In a significant cybersecurity revelation, researchers have attributed a recent supply chain attack targeting Mastra, an open-source TypeScript framework designed for developing AI-driven applications and agents, to North Korean hackers. This assessment was made public by the Microsoft Defender Security Research Team and Microsoft Threat Intelligence on June 19, where they confidently linked the attack to a group known as Sapphire Sleet.
The findings indicate that Sapphire Sleet, which is a moniker given to this particular North Korean state-sponsored actor by Microsoft, has a track record of focusing primarily on financial institutions. The researchers noted that the methodologies and infrastructure utilized in the Mastra attack mirrored previously documented activities associated with Sapphire Sleet, reinforcing the connection. This group is also recognized by various cybersecurity researchers under different names, including APT38, BlueNoroff, Stardust Chollima, and TA444.
According to Microsoft, the attack, described as a large-scale npm supply chain compromise, affected more than 140 packages within the Mastra scopes hosted on npm registry, the largest global repository for open-source JavaScript code. This strategic targeting aimed to destabilize developers who rely on these packages for their projects.
The security incident stemmed from the unauthorized takeover of an npm maintainer account. This account’s publishing privileges were misused to upload manipulated versions of the Mastra code, including a malicious dependency labeled easy-day-js. The inclusion of this nefarious code allowed the malware to disable Transport Layer Security (TLS) certificate verifications, creating a vulnerability that enabled the infected systems to communicate with an attacker-controlled command-and-control (C2) server. Subsequently, this server distributed a malware payload that could be executed on a range of operating systems, including Windows, macOS, and Linux.
The dual objectives of the attack seem to focus primarily on cryptocurrency theft, a common goal in many cyber operations linked to North Korea. The malware was designed to scan for and identify specific cryptocurrency wallet browser-extension IDs, which notably included popular platforms like MetaMask, Phantom, Coinbase Wallet, and Binance Wallet, among others.
Additionally, the malware exhibited capabilities to collect a variety of information, including browser history and detailed reconnaissance data associated with the infected system. This data could encompass information about the hostname, system architecture, platform, user ID, installed applications, and currently running processes, providing the attackers with a comprehensive understanding of the target environment.
While Microsoft has not elaborated on the specific methods through which the privileged accounts were compromised, they noted that Sapphire Sleet has a history of employing social engineering tactics in their attacks. These methods have often involved leveraging platforms like LinkedIn to exploit individuals within the financial, blockchain, and cryptocurrency sectors, making the group adept at identifying and targeting vulnerable users.
In light of this recent attack, Microsoft has issued several recommendations to help organizations safeguard against similar threats in the future. They have advised users to meticulously review their dependency trees for any direct or transitive usage of affected Mastra packages. Furthermore, organizations are encouraged to check for the presence of the compromised package, easy-day-js, within their project directories, specifically in files such as node_modules or package-lock.json.
Additionally, Microsoft recommends pinning known-good package versions whenever feasible.
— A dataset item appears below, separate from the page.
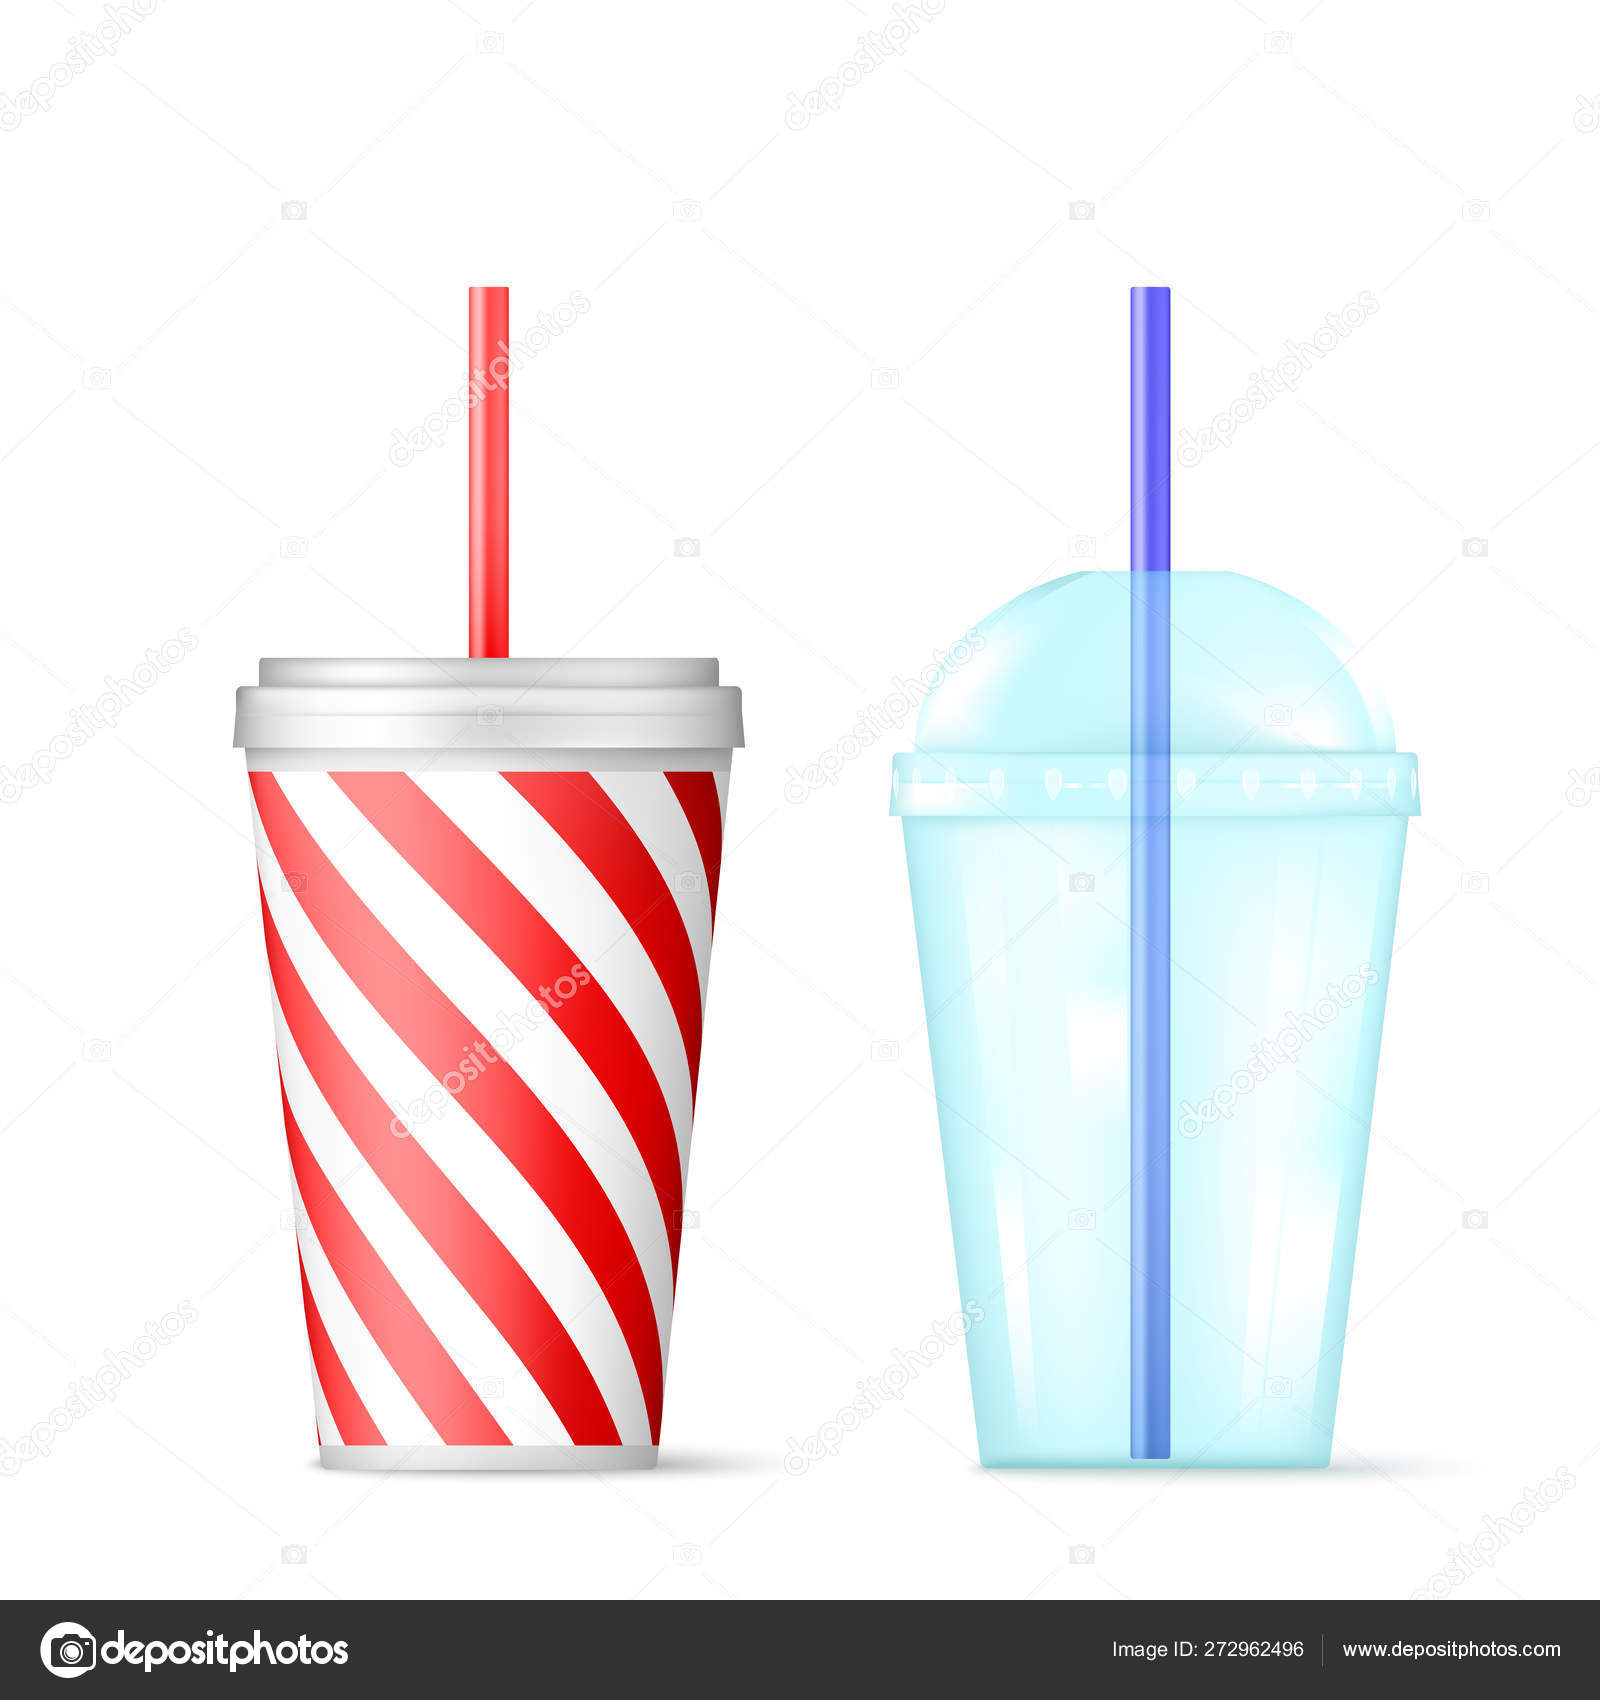 https://st4.depositphotos.com/14018410/27296/v/1600/depositphotos_272962496-stock-illustration-plastic-transparent-disposable-cup-with.jpg

For Mastra users, it is critical to note that version 1.13.0 and earlier are confirmed to be unaffected, while for the @mastra/core package, version 1.42.0 and earlier remain secure.
As the cybersecurity landscape continues to evolve, the implications of this attack extend beyond just technical vulnerabilities. They embody a broader trend where state-sponsored hackers are increasingly targeting critical infrastructure, fintech innovations, and the burgeoning blockchain domain. Organizations are thus urged to remain vigilant and proactive in their cybersecurity posture to counteract the growing threats posed by sophisticated adversaries like Sapphire Sleet.